# Argentea or Bocourti?



## gage (Feb 7, 2007)

hey guys, if you had the choice, would you go with a pair of Bocourti or a pair of Argentea? *** got both available to me, both F1 as well. Argentea are about 2.5" and 14.99 and bocourti are 1" at 6.99, both great deals!


----------



## shef (Oct 3, 2004)

I'd go with the argentea, but I've always loved those. Getting more fish from Spencer are we? :lol:


----------



## gage (Feb 7, 2007)

hes the only good cichlid guy in winnipeg, whenever i get fish from nestors or Fish gallery, i end up regretting it because they dont grow up as nice as they should, none of spencers fish are like that, and *** never regretted buying something from him, therefore i try to only buy from him.

you think i should go Argentea huh? i want more personality which is why im asking, i dunno which one has more personality. i really like the gold color on the bocourti, but i think argentea will look nicer then the pics *** seen, considering all its color is reflection off the silver color as opposed to the straight orange of the bocourti, im confused.

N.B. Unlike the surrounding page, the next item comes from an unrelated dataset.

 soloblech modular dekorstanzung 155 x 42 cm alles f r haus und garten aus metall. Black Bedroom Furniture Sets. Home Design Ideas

btw, you will have to come visit me at Kenaston petland soon *shef*, i dunno if it is just me but i like putting a face to who im talking to if at all possible.


----------



## SinisterKisses (Feb 24, 2004)

I'm pretty sure all 25 of those argentea might be spoken for all ready....unless the guy I know decided to just do 15.

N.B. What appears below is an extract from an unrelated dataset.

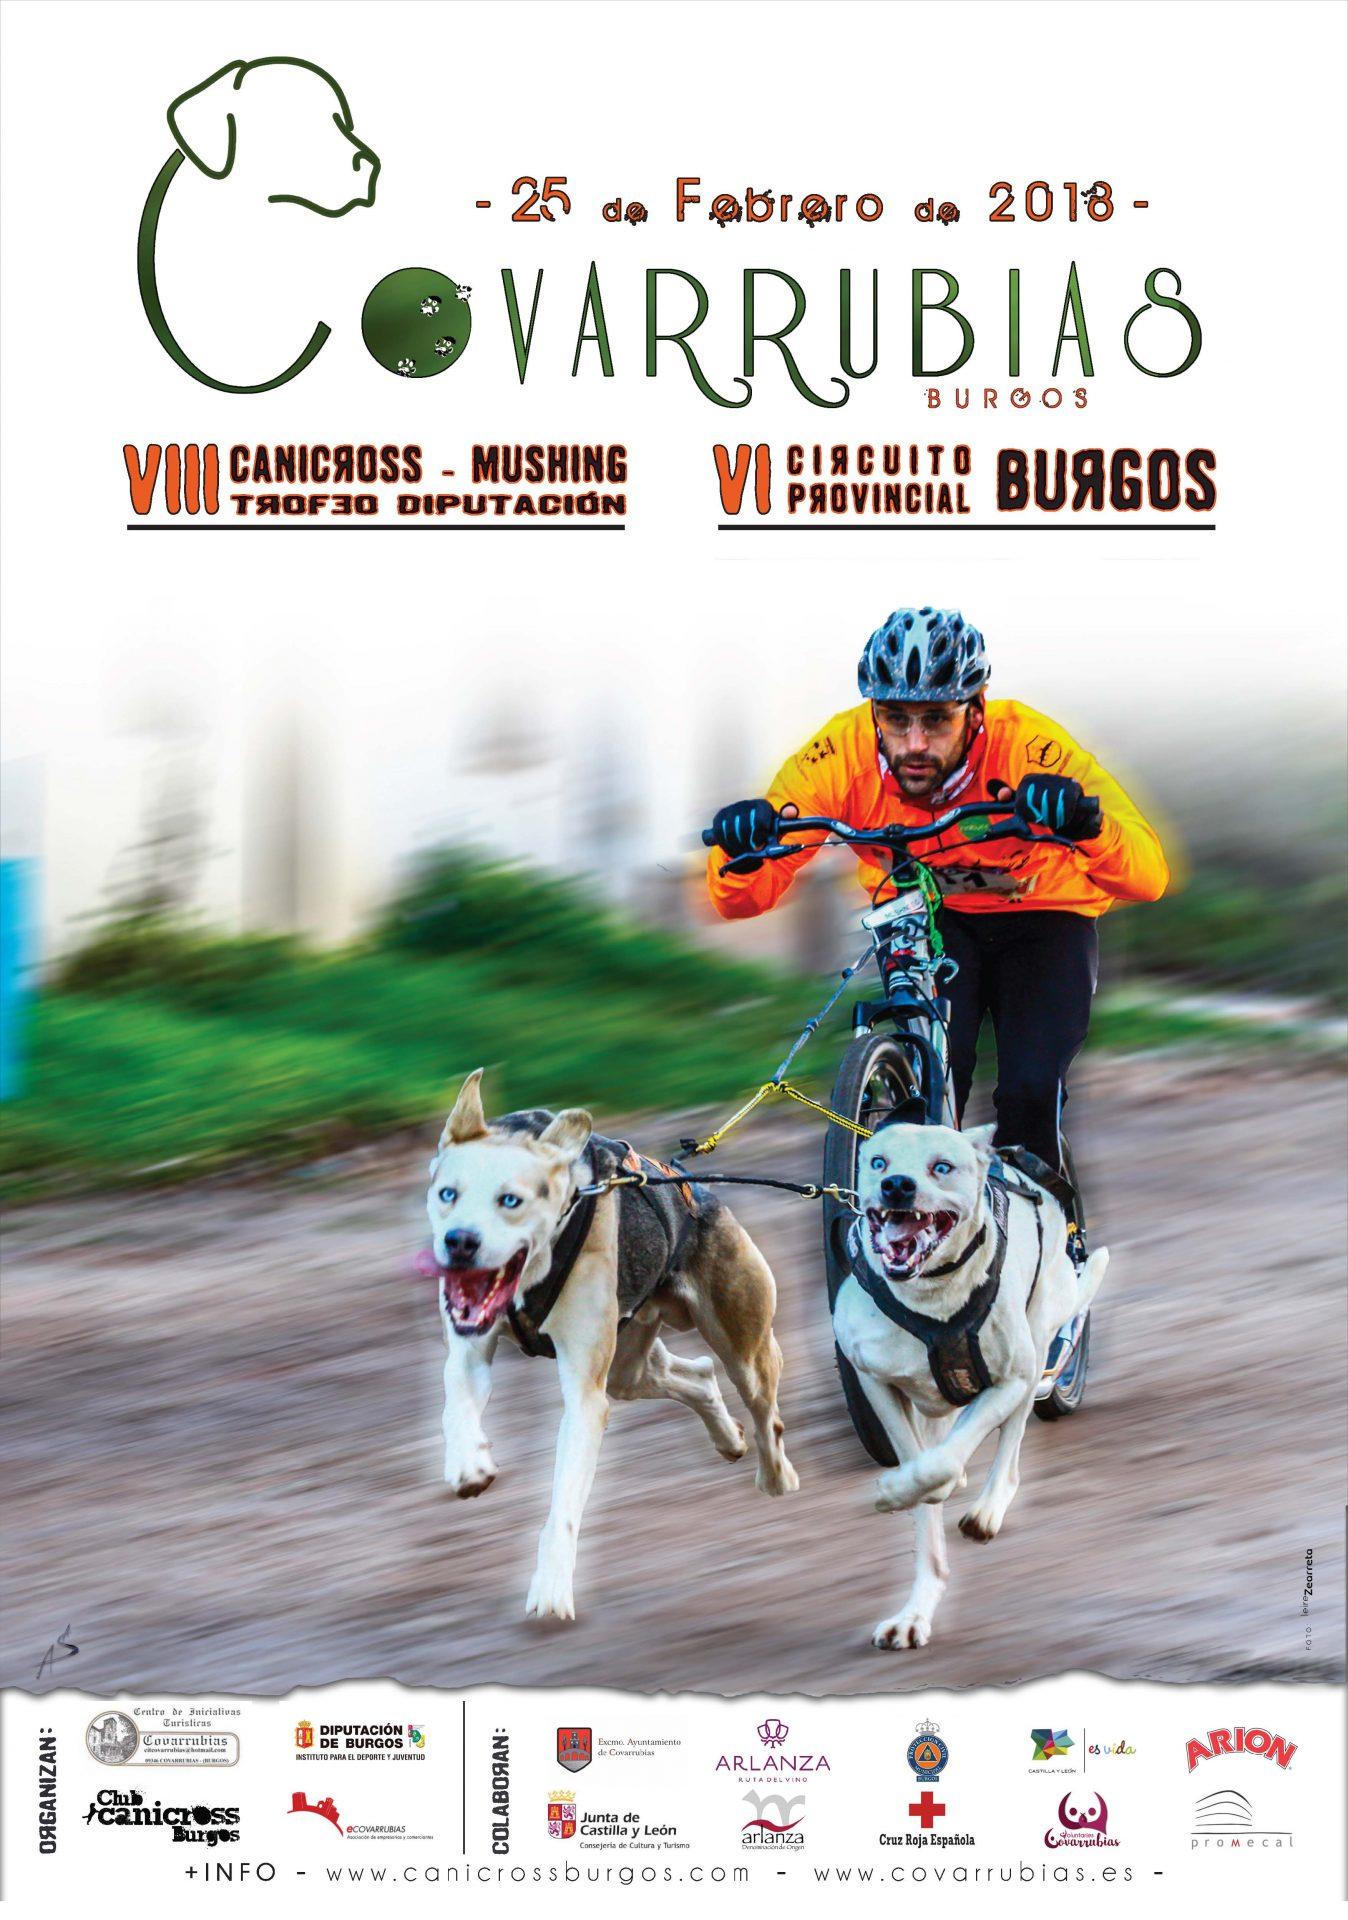 canicross covarrubias 2018

These aren't for the 90gal, are they?


----------



## dwarfpike (Jan 22, 2008)

For some reason a lot of people complain about argentea on another site not having any personality. The little guy I'm fish sitting has tons though so I have no idea what flavored crack they are smoking. I love the pattern on argentea more, but there is just something about bocourti.


----------



## SinisterKisses (Feb 24, 2004)

Lol how's he doing btw? Still growing up big and strong for me? 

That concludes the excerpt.